Puis je me lève et l’abandonne sans oublier de prendre avec moi l’assiette d’apéros
intacte. Ils seront bien mieux dans mon ventre.

En sortant du salon, je tombe à ma grande surprise nez à nez sur Majib. Le regard
posé sur moi, les bras croisés, il sourit sans rien dire.

Je lui demande en le dépassant :

- Tu fais quoi ici ?

Il m’arrête rapidement en me retournant vers lui, me regardant d’un air amusé.

- Je le savais. Ta soudaine serviabilité n’était pas anodine.

- De quoi tu parles ?

- Vas-y, fais-moi croire que tu ne sais pas de quoi je parle mme la gangster… La
vraie fille de ton père toi. Alors comme ça, je t’appartiens ?

Je le regarde sans rien dire. Bon ok, il a tout entendu, donc ça ne sert à rien de
faire semblant. D’un air de défi, je lui réponds sans sourire :

- Quoi ? Je n’ai pas raison ?

Il pouffe de rire.
- Complètement.

- Alors pourquoi tu ne la remets pas à sa place quand elle te fait du charme ?

Il fronce les sourcils et je lui éclaire la lanterne.

- Je vous ai entendus tout à l’heure, dans le patio.

- Ah… C’est pour ça que t’étais fâchée alors.

- Je le suis toujours.

En riant, il me prend l’assiette des mains et la pose sur le buffet proche, puis il
m’attire à lui pour murmurer.

- Même si tu n’as absolument aucune inquiétude à te faire…

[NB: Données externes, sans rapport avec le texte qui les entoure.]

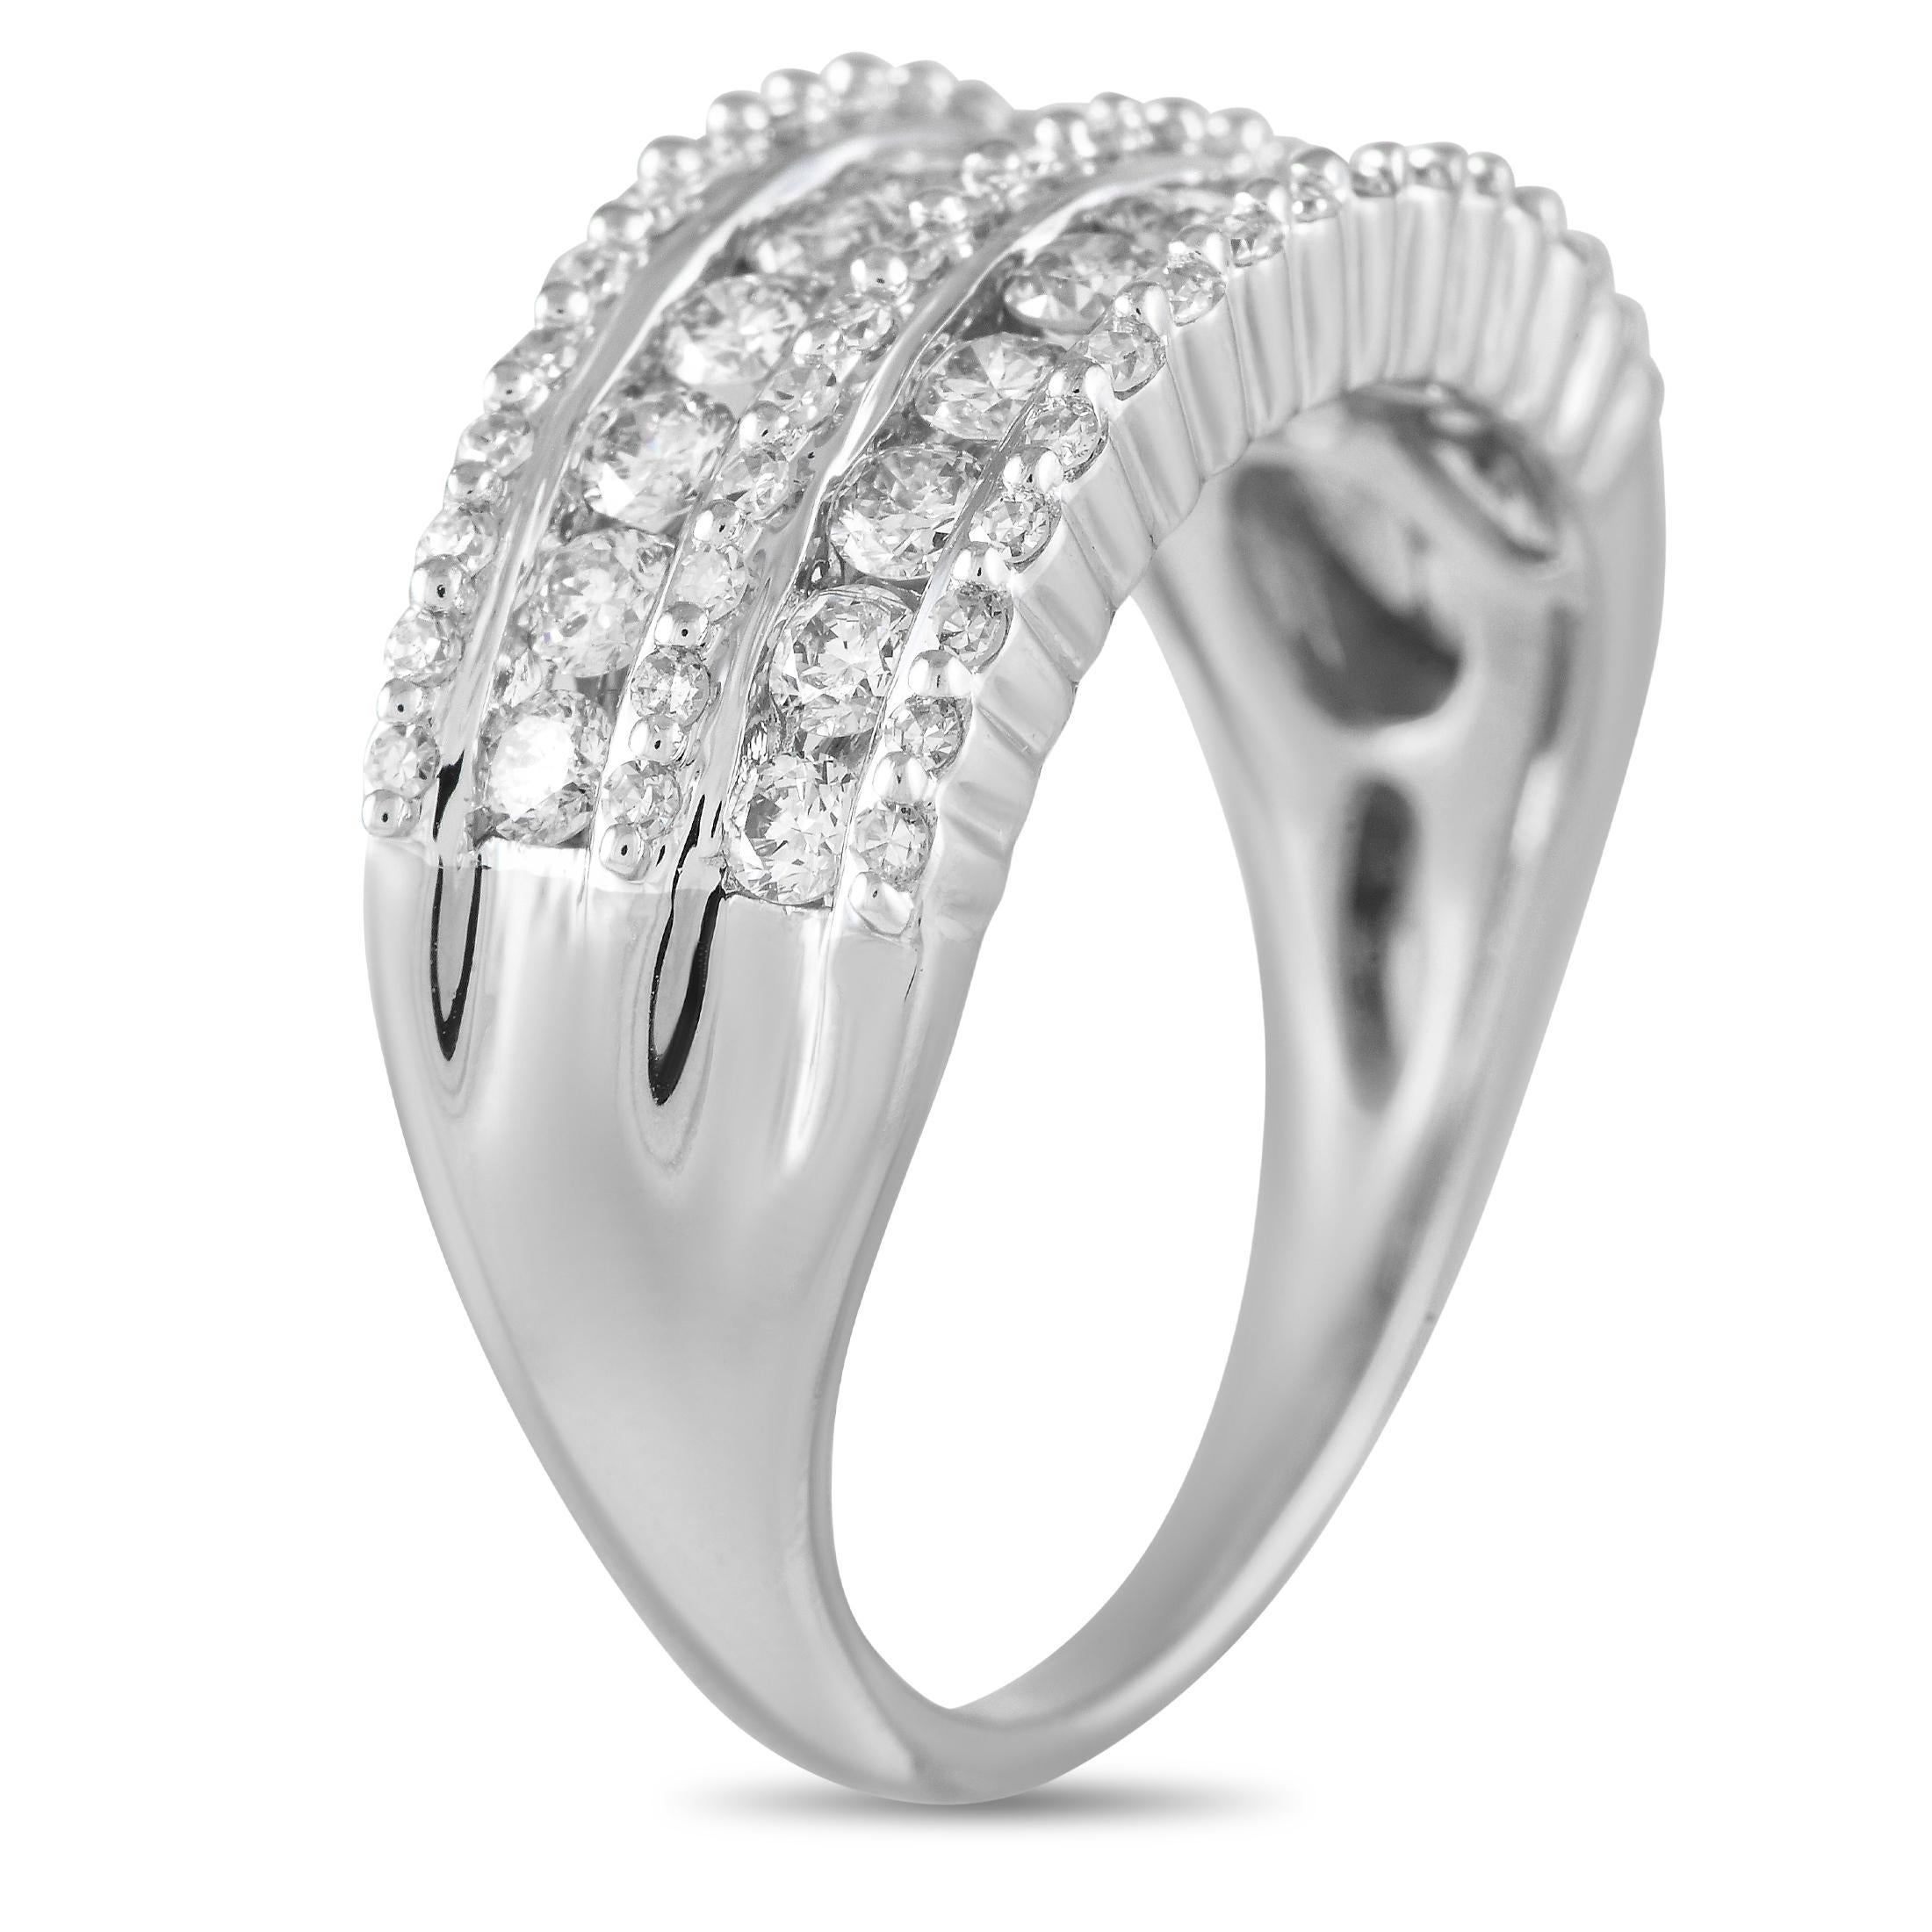 Rows of sparkling Diamonds with a total weight of 1.15 carats make this radiant ring simply unforgettable. This pieces understated 14K white gold setting features a band width and top height measuring 3mm.This jewelry piece is offered in brand new

- T’as intérêt, l’interromps-je vivement.

- Même si, reprend-t’il posément, tu n’as aucune inquiétude à te faire, j’ai adoré te
voir défendre ton territoire… Comme une tigresse… Ça m’excite…

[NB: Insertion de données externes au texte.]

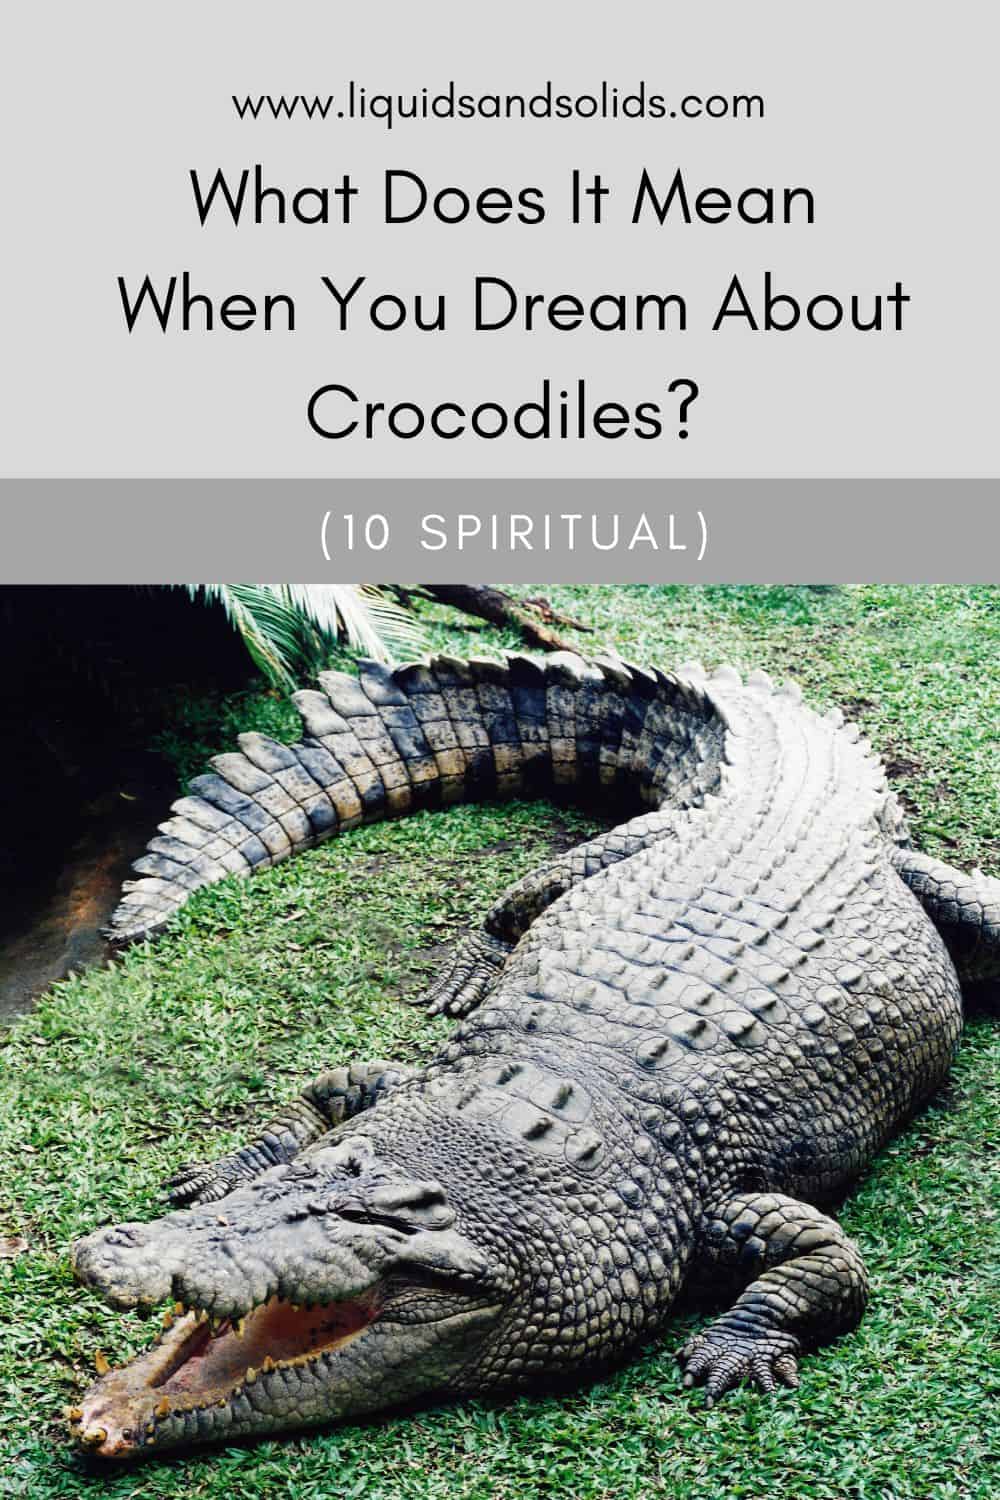 What Does It Mean When You Dream About Crocodiles? (10 Spiritual)

Je le regarde avec un faux dédain mais sens déjà le sourire me venir. Il m’attire
encore plus contre lui et se penche à mon oreille qu’il mordille en chuchotant :

- On ne l’a jamais fait ici… Quelle chambre ?


- Lâche-moi, ris-je en essayant de le repousser.

- Ok, la salle de bain alors.

- On ne va pas…

Mes paroles sont interrompues par la porte du salon qui s’ouvre brusquement sur
Aysha, au même moment où la main de Majib glisse sous ma robe. Nous la
regardons tous les deux et elle pose sur nous des yeux froids de mépris avant de
nous dépasser, sans un mot. Loin de s’en préoccuper, Majib attend qu’elle
disparaisse pour reprendre son exploration, essayant de m’embrasser. Je lui tape
vivement sur la main et m’échappe rapidement pour courir vers les escaliers, alors
qu’il me crie :

- Hey reviens ici, j’en ai pas fini avec toi.

- Non ! lui réponds-je avant de disparaître, toute heureuse.

******************* ****

******************* ****

***Ahmed Bachir Hannan***

M’étant isolé derrière la maison pour répondre au téléphone, je raccroche quand


je finis et, après avoir vérifié que les enfants sont toujours assis dans le jardin, je
repasse discrètement par l’arrière pour rejoindre la porte d’entrée. Je préfère «
préparer » un peu mon invitée avant de la leur présenter…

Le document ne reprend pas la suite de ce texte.